Пожалуй, именно после этого урока — если только ты чего-то не путаешь и не перескакиваешь опять до срока в десятый класс — Анатолий Николаевич как бы перестал скрывать одно из своих потайных «я». И ежели теперь, к примеру, какая-нибудь полногрудая ученица кокетливо канючила: «Анатолий Николаевич, ну спросите меня, вы же обещали», — он растягивал свои губы в знаменитое подобие обезьяньей улыбки и невозмутимо замечал на это: «Я никогда ничего не обещаю девушкам», — после чего моментально стирал улыбку с лица, будто там ее отродясь не бывало. И чем меньше Гиббон что-либо «обещал девушкам», тем больше они его любили, тем сильнее охватывал их жар соблазна в полном соответствии с известной формулой «чем меньше женщину мы любим»… Но эта формула, сентенция или, если угодно, цитата относилась уже к ведомству учительницы литературы Лидии Александровны, уроки которой, к сожалению, не оставили в твоей душе никакого следа. Эту азбучную истину поэтому ты никак не отразил в самостоятельной работе на тему «Два чтеца» и, что гораздо хуже, не руководствовался ею в практической жизни — в своих отношениях с Индирой Великолепной уж во всяком случае.

Абстрактный, как тогда его называли, гуманизм Анатолия Николаевича Гиббона, лично ему, скорее всего, идущий даже во вред, имел для тебя своим приятным следствием пятерку в четверти по психологии. И хотя этот замечательный предмет почему-то вскоре тихо прикрыли или сам он сошел на нет, для Мальчика С Тройной Фамилией те несколько импровизированных уроков наверняка оказались решающими, раз он пожелал в конце концов стать доктором психологических, психиатрических или не знаю каких еще там наук…

Ладно, поехали дальше. Декабрь на исходе. Вроде бы сюрпризов с полугодовыми оценками у тебя, Телелюев, не ожидается. Молодец, подтянул математику, физику, физкультуру. Дружба с Индировой явно тебе на пользу. Почти отличником стал, а ведь еще недавно считался троечником. Никаких репетиторов, никаких дополнительных занятий.

Все-таки дополнительные занятия были. По русскому и литературе.

Ах, вот ты о чем. Да, все минувшее лето ты с Бабушкой писал диктанты, благо она была уже на пенсии.
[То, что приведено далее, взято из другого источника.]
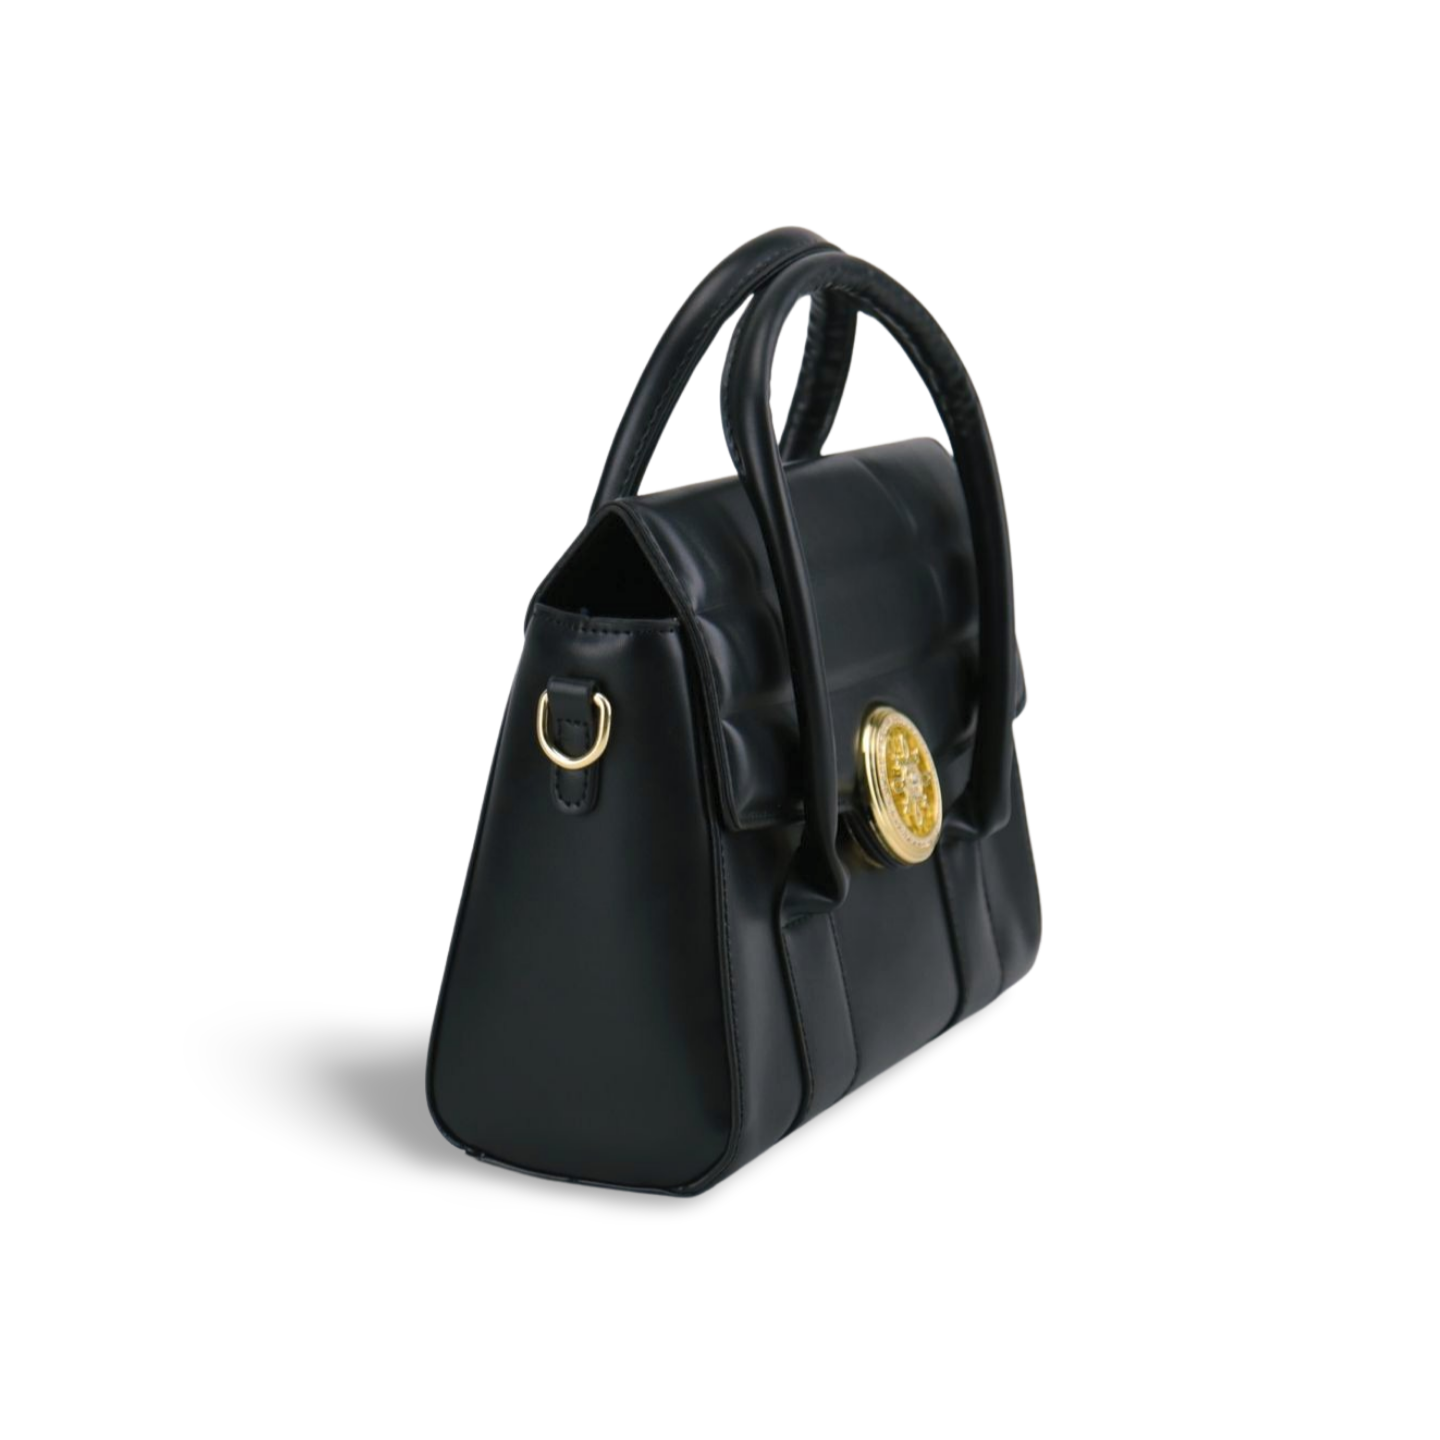 Elegant Two-Tone Satchel Purse with Gold Accents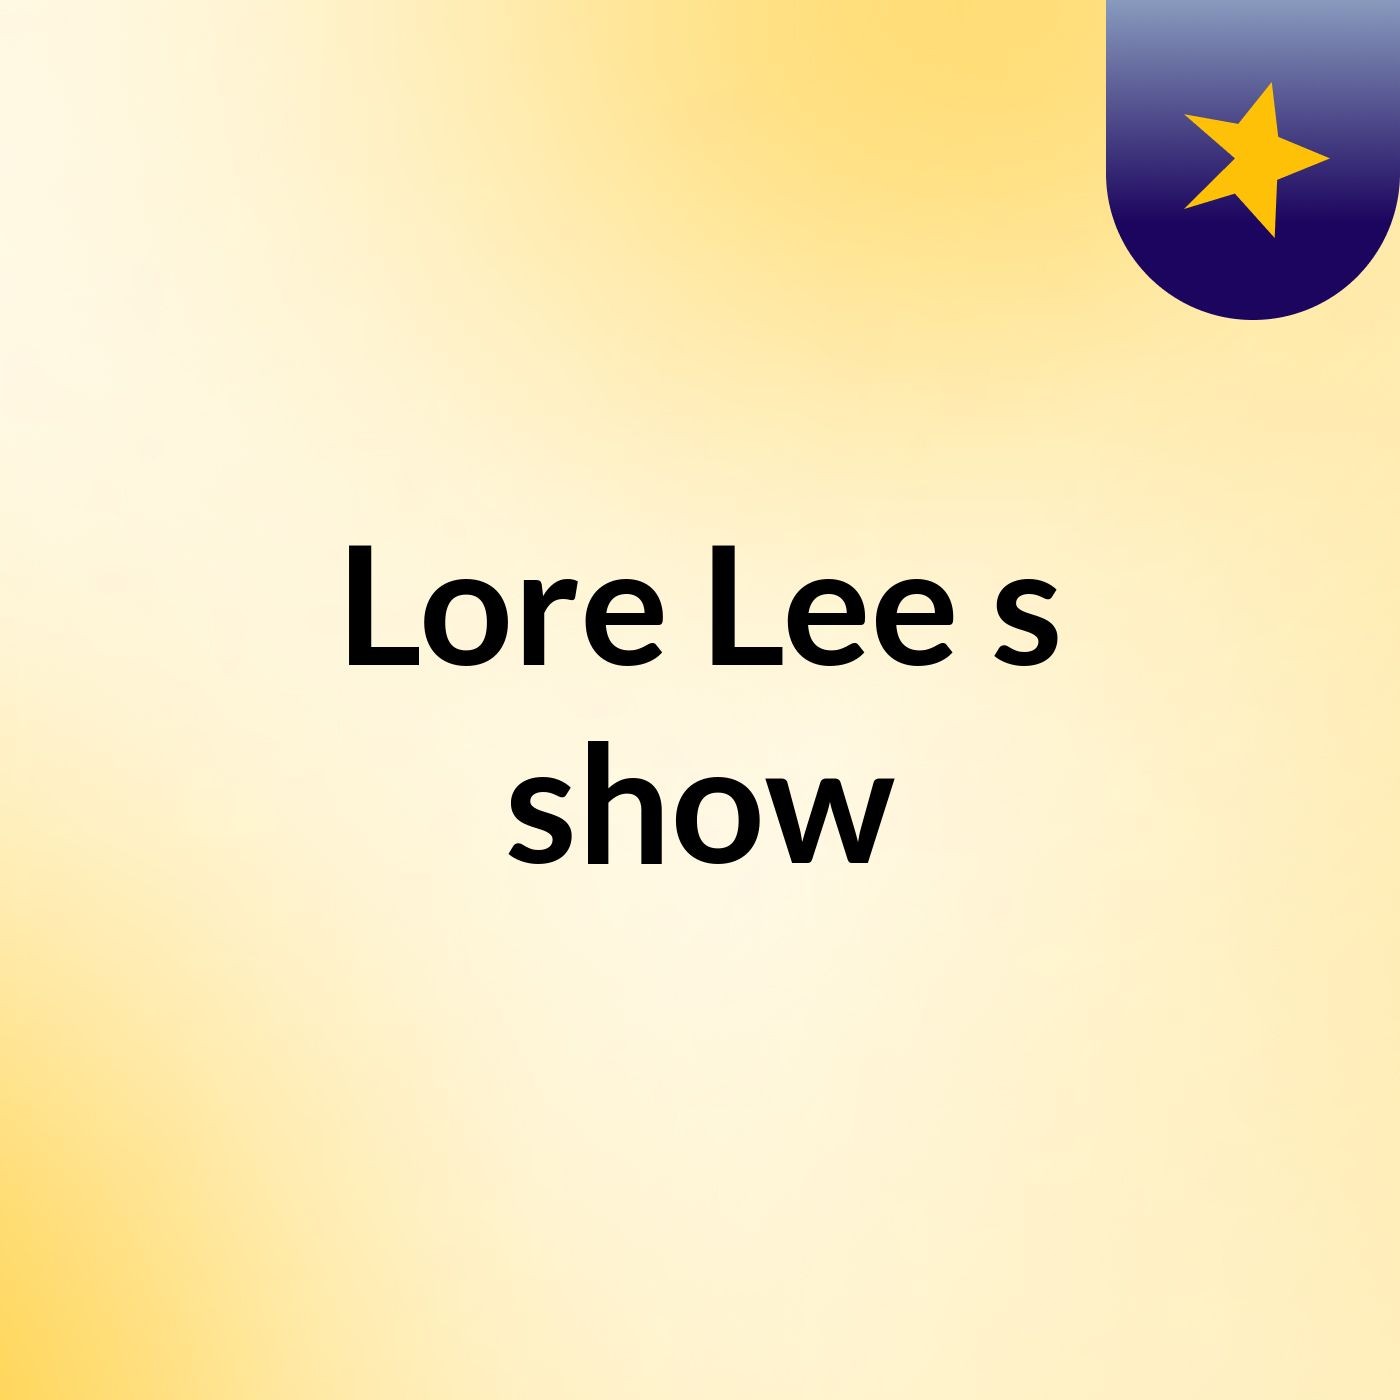 Lore Lee's show

Имеется в виду лето, когда ты так и не выбрался больше в гости к Индире, то есть не преодолел расстояние, отделяющее пункт В от пункта Е, поскольку не смог без остатка извлечь корень квадратный из числа, которое, признаться, уже невозможно вспомнить. Правда, героических усилий в этом направлении, насколько известно, ты не прилагал и ни от чего такого, более интересного, чем бабушкины диктанты, не отказывался во имя грядущих школьных достижений. Просто ничего более интересного в то лето для тебя и не существовало. И какие же замечательные тексты она выбирала! Пушкин, Гоголь, Толстой. Такие тексты, что просто с ума сойти. Даже отдаленно они не напоминали ту нуднятину, которую преподавала вам Лидия Александровна, хотя, скорее всего, это были те же тексты, что вы проходили в школе.

Помнишь, сколько ошибок ты делал поначалу?

Потом все меньше.

Но только год спустя, как до жирафа, до тебя окончательно дошли эти диктанты, и ты стал наконец писать более или менее грамотно.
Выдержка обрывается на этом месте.